The thoughts of Mme. de Lambert,
But while Mme. de Lambert had a calm and equable temperament, and loved to surround herself with an atmosphere of repose, she was not without a fine quality of sentiment. "I exhort you much more to cultivate your heart," she writes to her son, "than to perfect your mind; the true greatness of the man is in the heart." "She was not only eager to serve her friends without waiting for their prayers or the humiliating exposure of their needs," said Fontenelle, "but a good action to be done in favor of indifferent people always tempted her warmly . . .. The ill success of some acts of generosity did not correct the habit; she was always equally ready to do a kindness." She has written very delicately and beautifully of friendships between men and women; and she had her own intimacies that verged upon tenderness, but were free from any shadow of reproach. Long after her death, d'Alembert, in his academic eulogy upon de Sacy, refers touchingly to the devoted friendship that linked this elegant savant with Mme. de Lambert. "It is believed," says President Henault, "that she was married to the Marquis de Sainte-Aulaire. He was a man of esprit, who only bethought himself, after more than sixty years, of his talent for poetry; and Mme. de Lambert, whose house was filled with Academicians, gained him entrance into the Academy, not without strong opposition on the part of Boileau and some others." Whether the report of this alliance was true or not, the families were closely united, as the daughter of Mme. de Lambert was married to a son of Sainte-Aulaire; it is certain that the enduring affection of this ancient friend lighted the closing years of her life.

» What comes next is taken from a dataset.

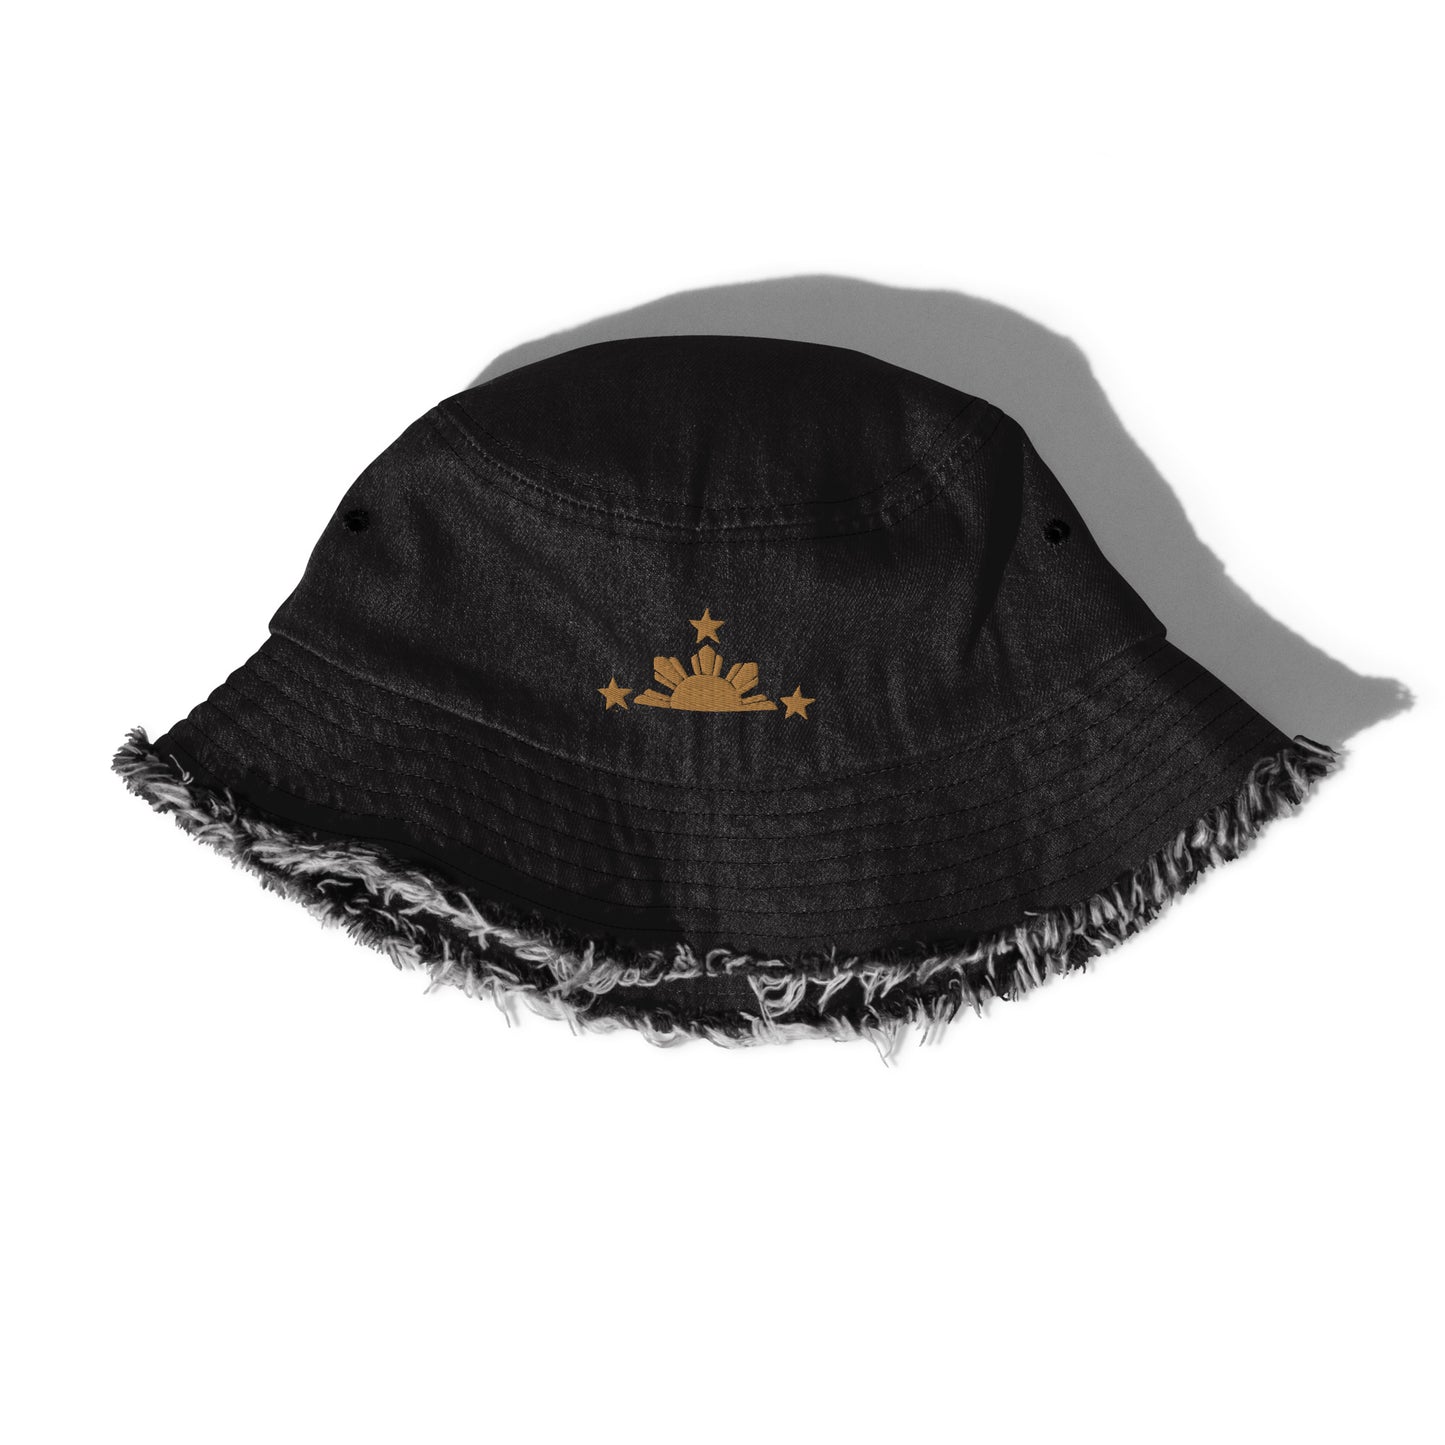 Stars & Sun Pinoy Embroidered Distressed Denim Bucket Hat in variant Black Denim.

Though tinged with the new philosophy, Mme. de Lambert regarded religion as a part of a respectable, well-ordered life. "Devotion is a becoming sentiment in women, and befitting in both sexes," she writes. But she clearly looked upon it as an external form, rather than an internal flame. When about to die, at the age of eighty-six, she declined the services of a friendly confessor, and sent for an abbe who had a great reputation for esprit. Perhaps she thought he would give her a more brilliant introduction into the next world; this points to one of her weaknesses, which was a love of consideration that carried her sometimes to the verge of affectation. It savors a little of the hypercritical spirit that is very well illustrated by an anecdote of the witty Duchesse de Luxenbourg. One morning she took up a prayer book that was lying upon the table and began to criticize severely the bad taste of the prayers. A friend ventured to remark that if they were said reverently and piously, God surely would pay no attention to their good or bad form. "Indeed," exclaimed the fastidious Marechale, whose religion was evidently a becoming phase of estheticism, "do not believe that."